- **Try it**
Transcribe the data in full and exactly, omitting any pictures.

- **Data**
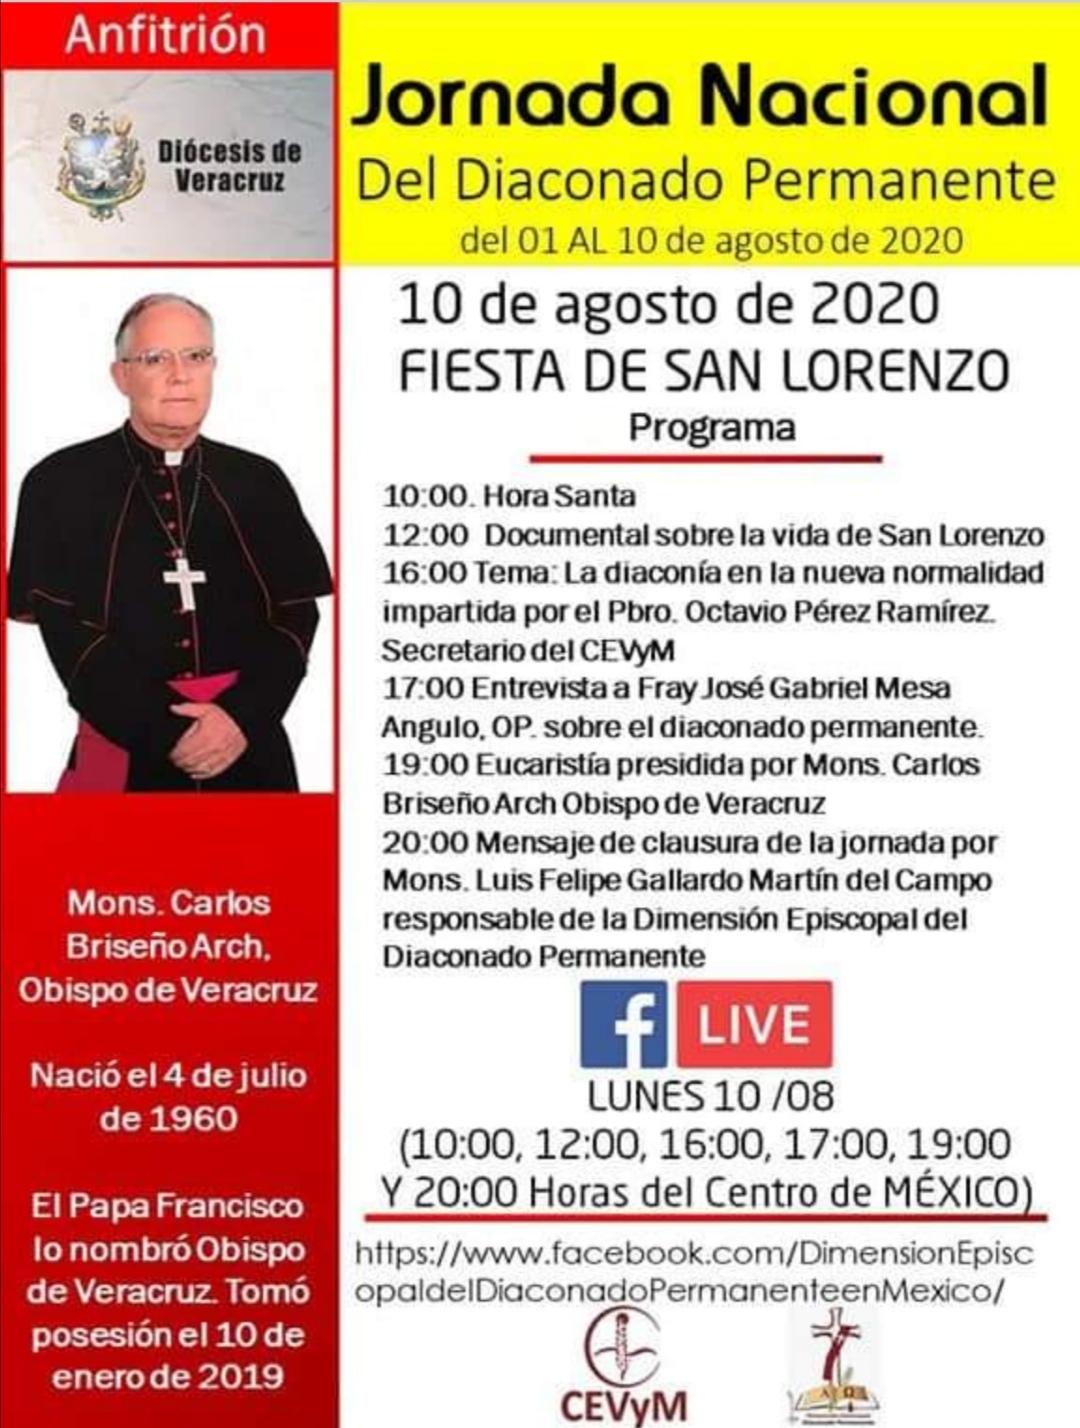 Iglesia de México. Jornada de Oración del Diaconado Permanente, día 10
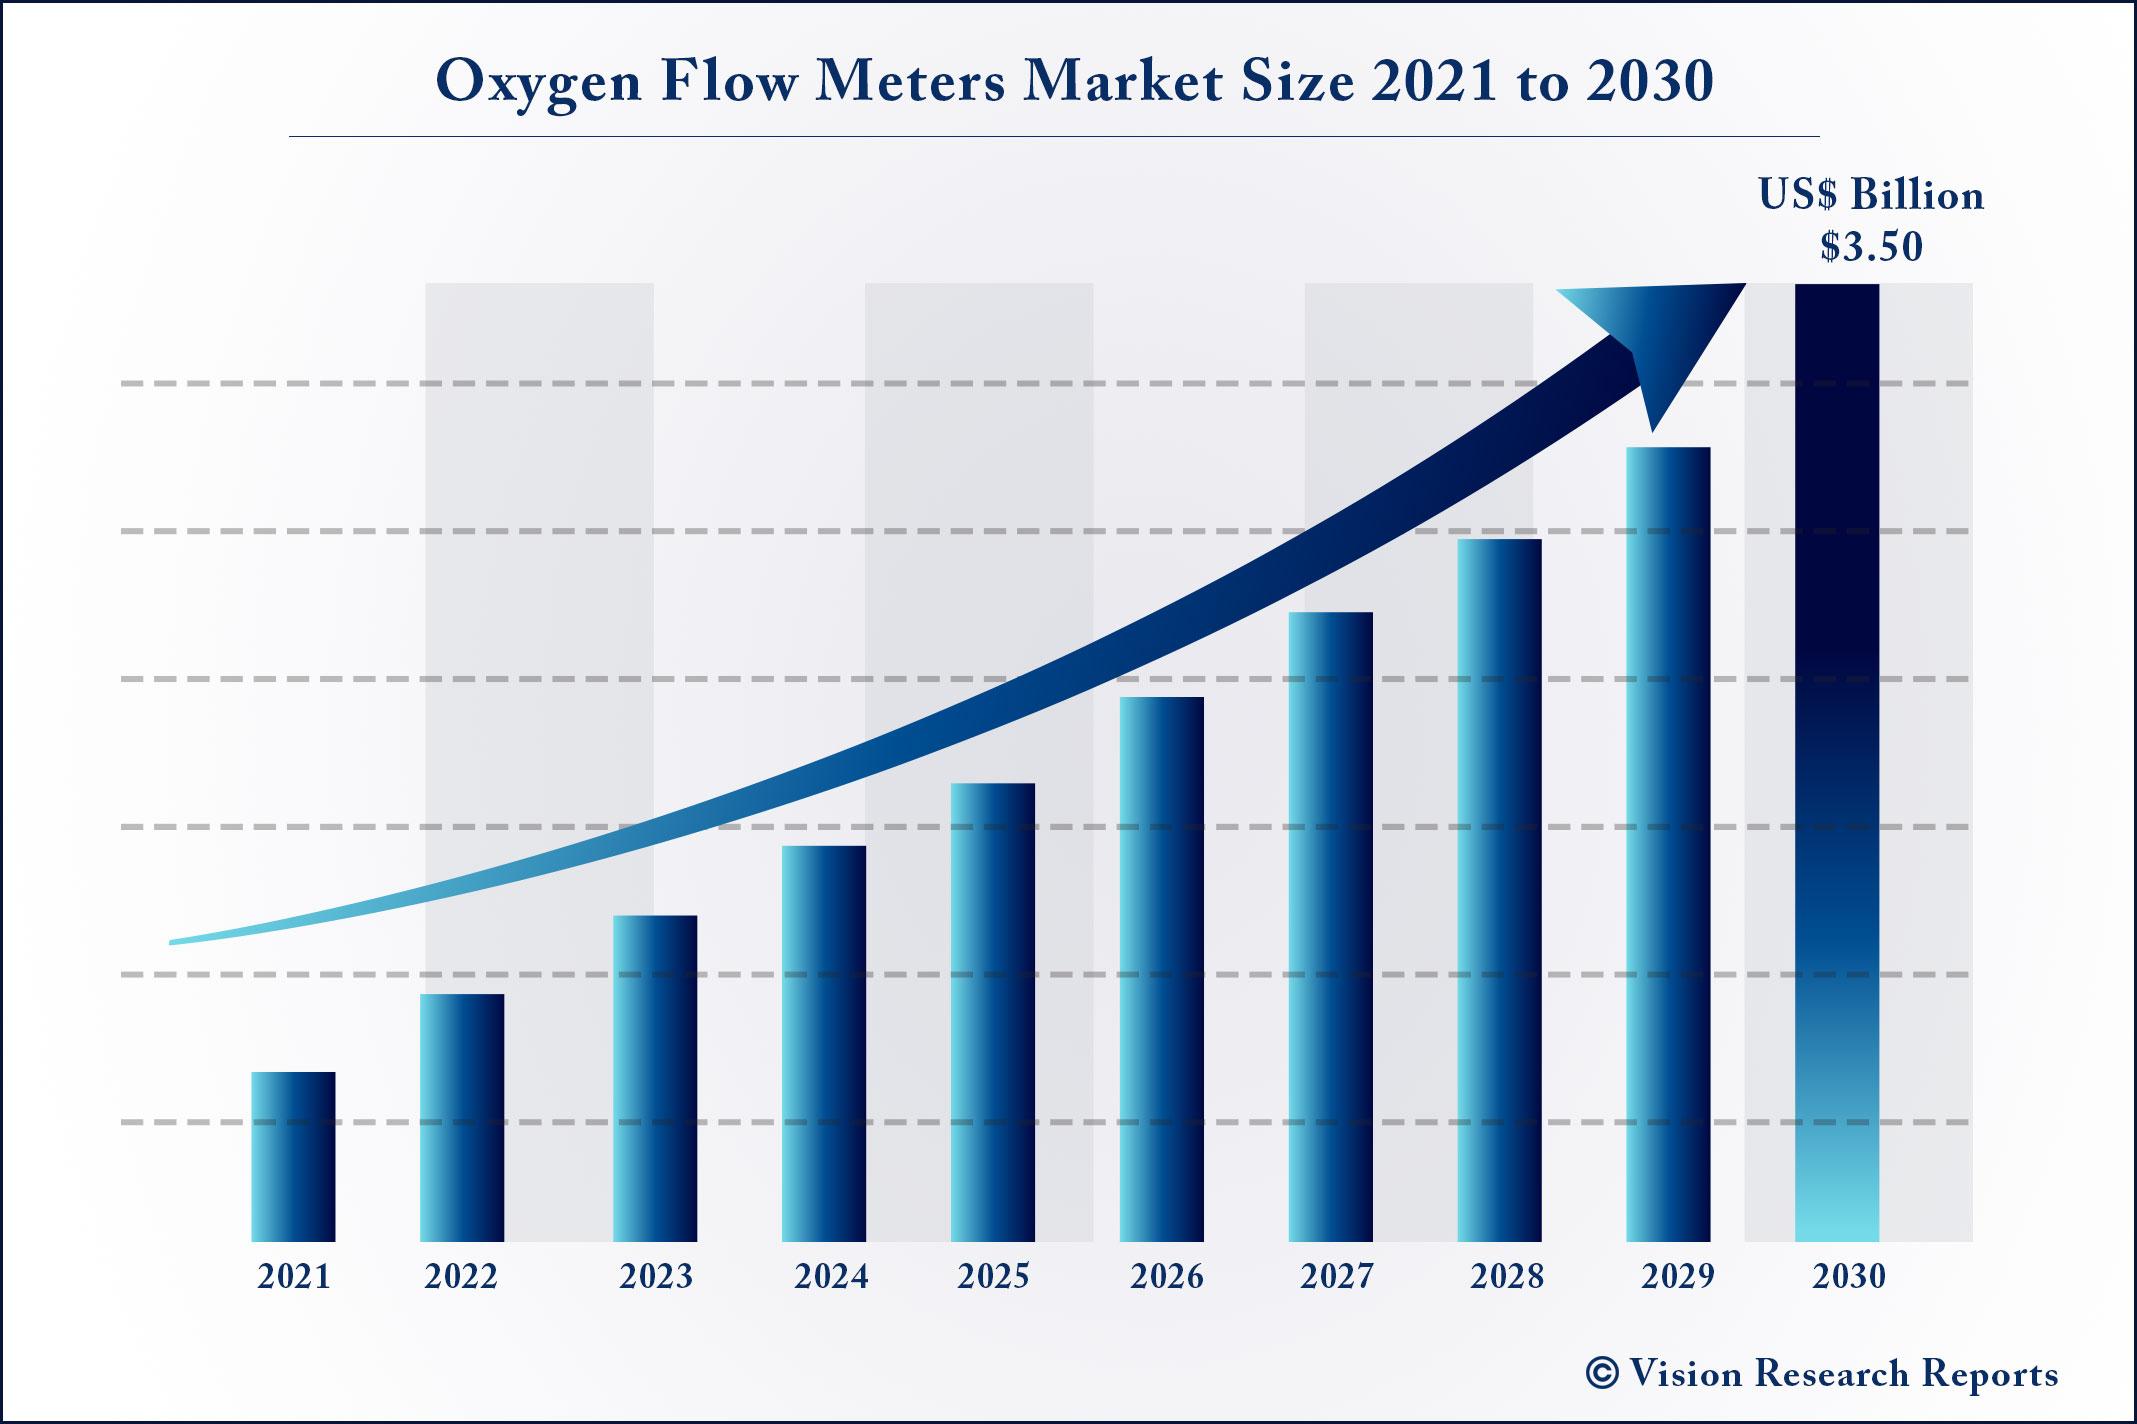 Oxygen Flow Meters Market Size 2021 to 2030
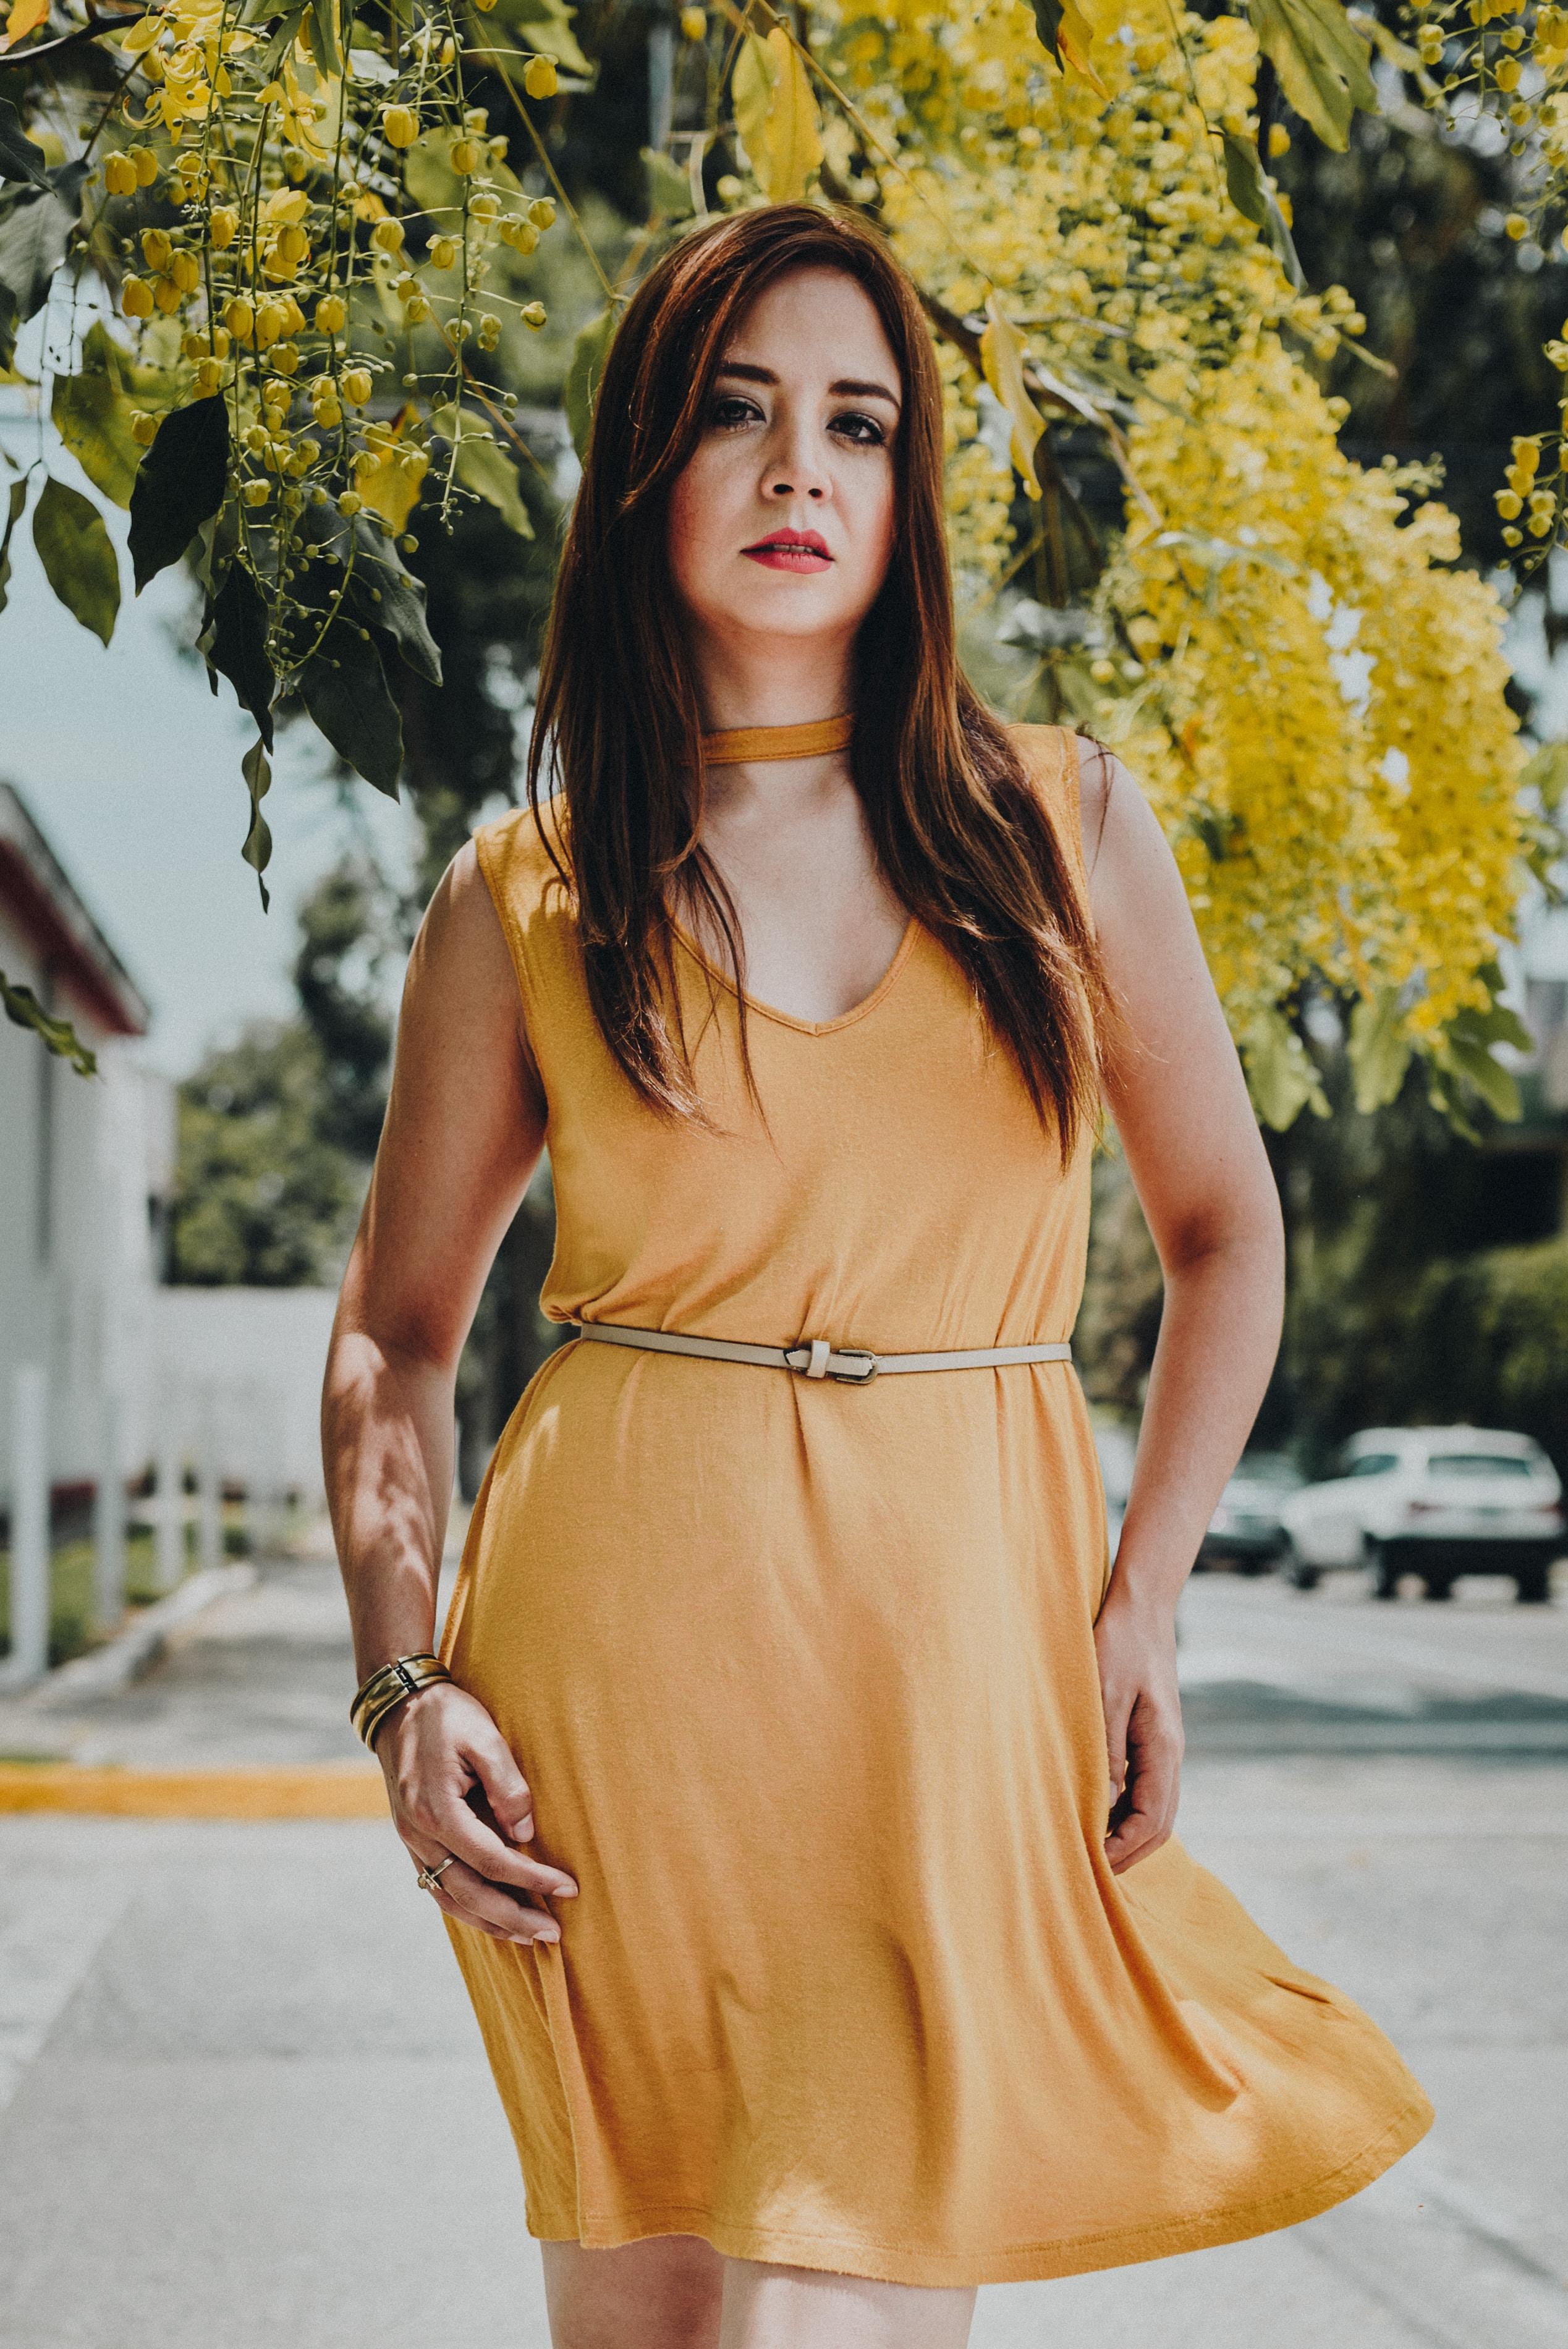 woman wearing orange sleeveless dress standing near yellow flower tree

- **Problem solution**
 Iglesia de México. Jornada de Oración del Diaconado Permanente, día 10
 Oxygen Flow Meters Market Size 2021 to 2030
 woman wearing orange sleeveless dress standing near yellow flower tree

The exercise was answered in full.